Universal Stack Universal Stack - 1 month ago 14
C++ Question

Combining same unique ID items

I have a list such as:

1 a
2 b
3 c
3 d
4 e
5 f


and I'd like it transfer to for the same unique id ones

1 a
2 b
3 c d
4 e
5 f


here's my code, many items are known, but i just can't to write the function that can transfer the list input.

#include <vector>
#include <string>
#include <fstream>
#include <iostream>
#include <stdlib.h>

using namespace std;

vector<int> transaction_id;
vector<int> item_id;

vector<vector<int> > transaction_table;
vector<int> items_for_each_row;
vector<int> temp_items_for_each_row;

int real_id = 0;
int rows_count = 1;


while(rows_count < orig_line_count){

while(rows_count < orig_line_count){
if(transaction_id[real_id] == transaction_id[real_id+1]){
rows_count++;
real_id++;
}else{
break;
}
}

for(i=0; 0 < rows_count; i++){
items_for_each_row.push_back(item_id[real_id]);
transaction_table.push_back(items_for_each_row);
real_id++;
}
rows_count = 1;
}


cout << transaction_table[1][0];

Answer

You can use std::map to store std::vector<char> for each integer.

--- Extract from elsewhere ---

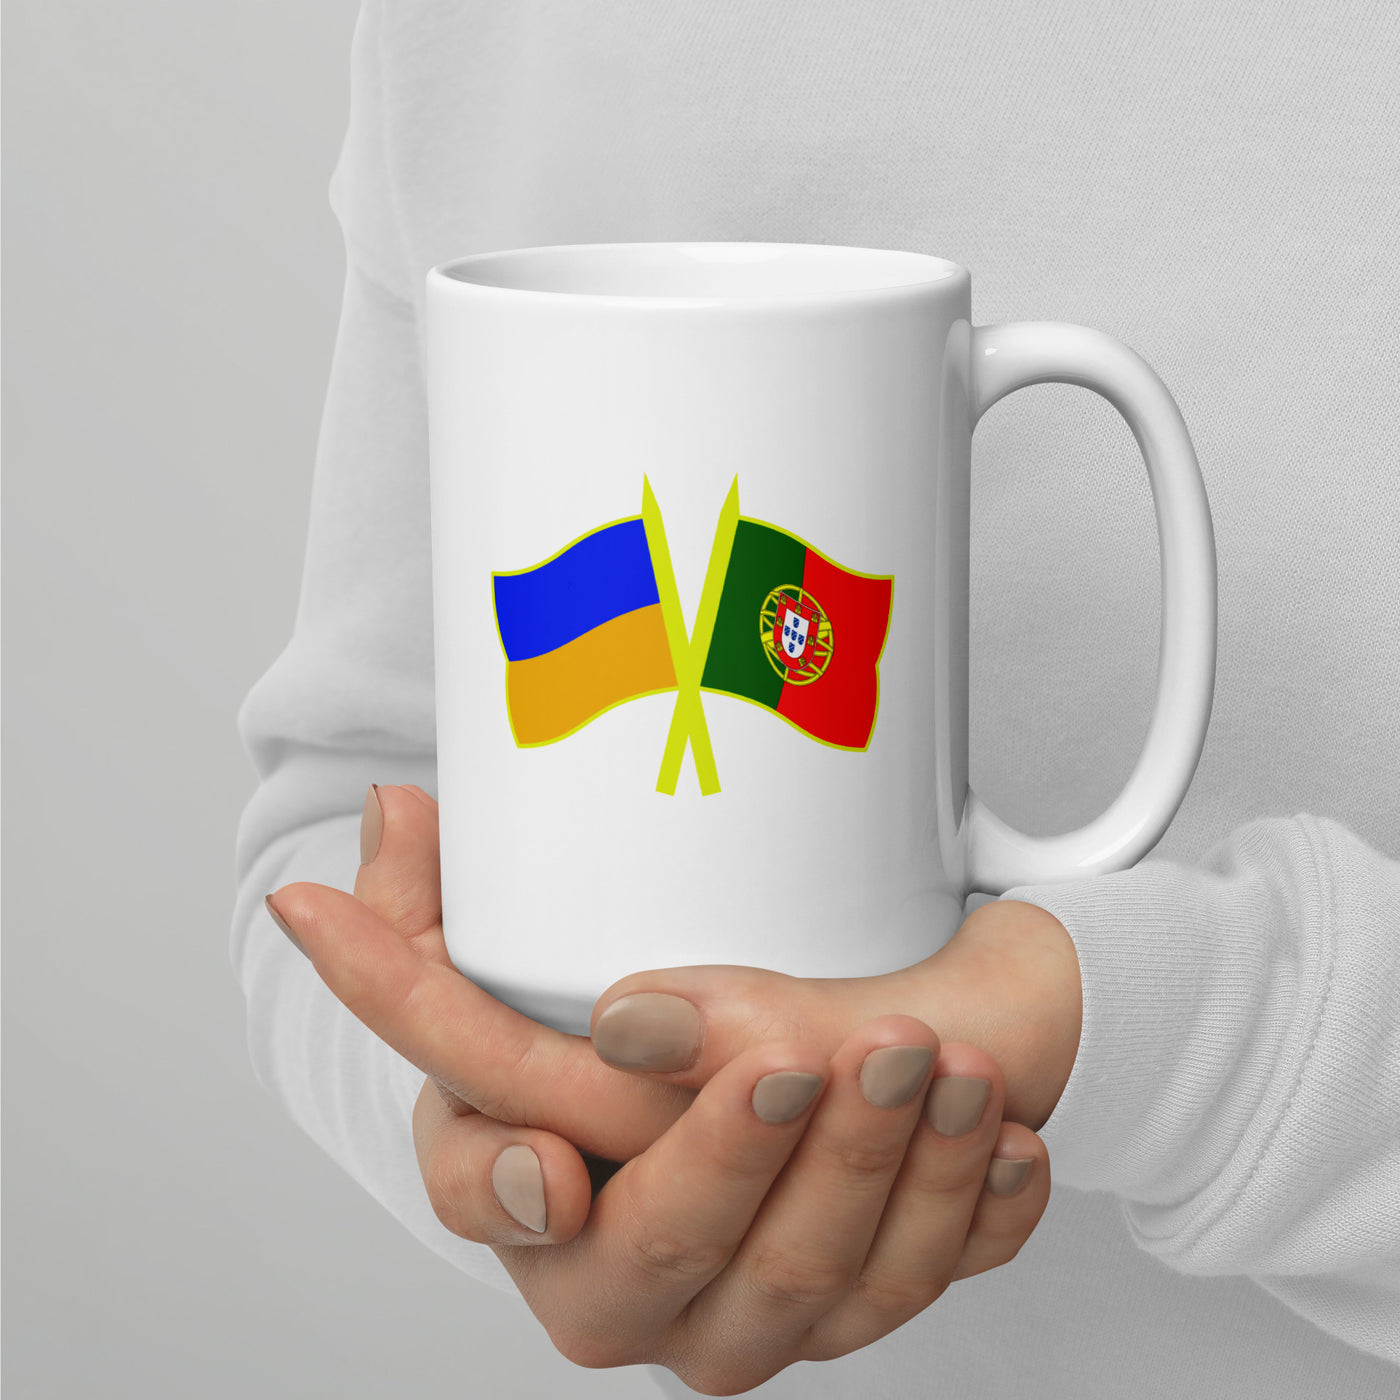 Portugal-Ukraine Mug
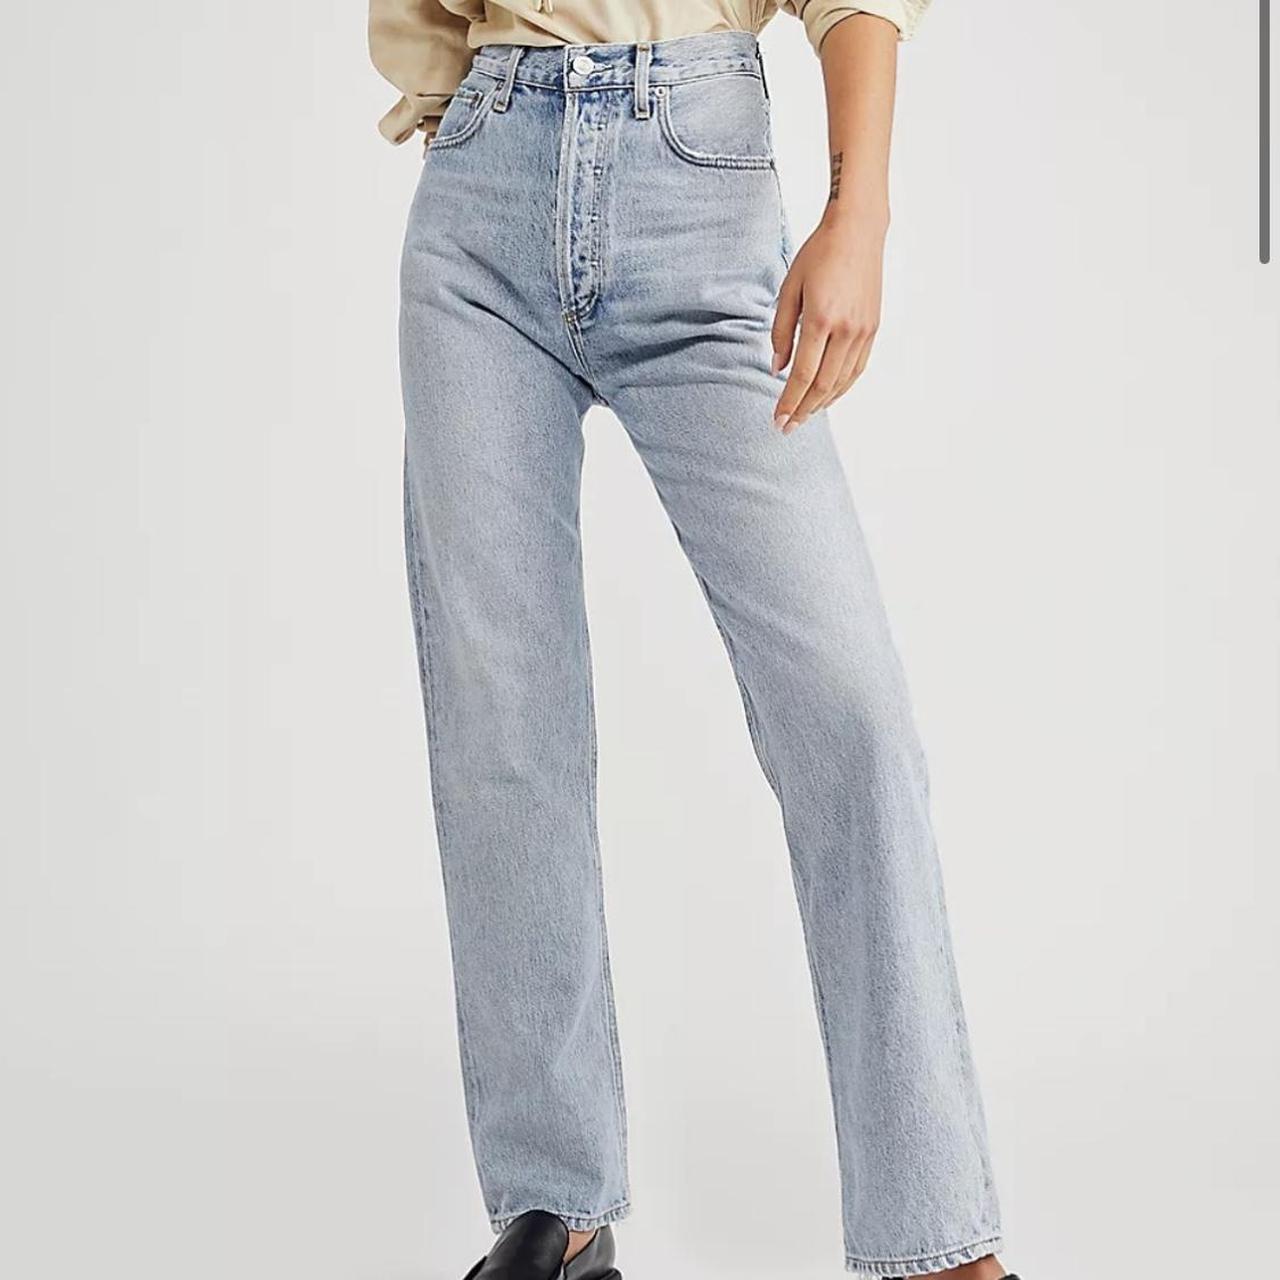 AGOLDE Women's Jeans

The integer value is the map's key. Each key contains a vector of characters:

std::map<int, std::vector<char>> mp;
mp.emplace(1, std::vector<char>{'a'});
mp.emplace(2, std::vector<char>{'b'});
mp.emplace(3, std::vector<char>{'c', 'd'});
mp.emplace(4, std::vector<char>{'e'});
mp.emplace(5, std::vector<char>{'f'});

for (const auto &map_element : mp)
{
    //map_element.first is map's key (1,2,3,4,5)
    cout << map_element.first << " = ";

    //map_element.second is a vector containing letters
    for (const auto &ch : map_element.second)
        cout << ch << " ";

    cout << "\n";
}

Or use std::multimap

std::multimap<int, char> m;
m.emplace(1, 'a');
m.emplace(2, 'b');
m.emplace(3, 'c');
m.emplace(3, 'd');
m.emplace(4, 'e');
m.emplace(5, 'f');

for (int i = 0; i <= 5; i++)
{
    if (!m.count(i))
        continue;

    std::pair<
        std::multimap<int, char>::iterator,
        std::multimap<int, char>::iterator> pr;

    pr = m.equal_range(i);

    auto it = pr.first;
    cout << (*it).first << " = ";

    for (it = pr.first; it != pr.second; ++it)
        cout << (*it).second << " ";

    cout << "\n";
}

Depending on the data, you may also be able to use std::map<char, int>. But this assumes char is the map's key, and each character appears no more than once. Each character can be associated with any number.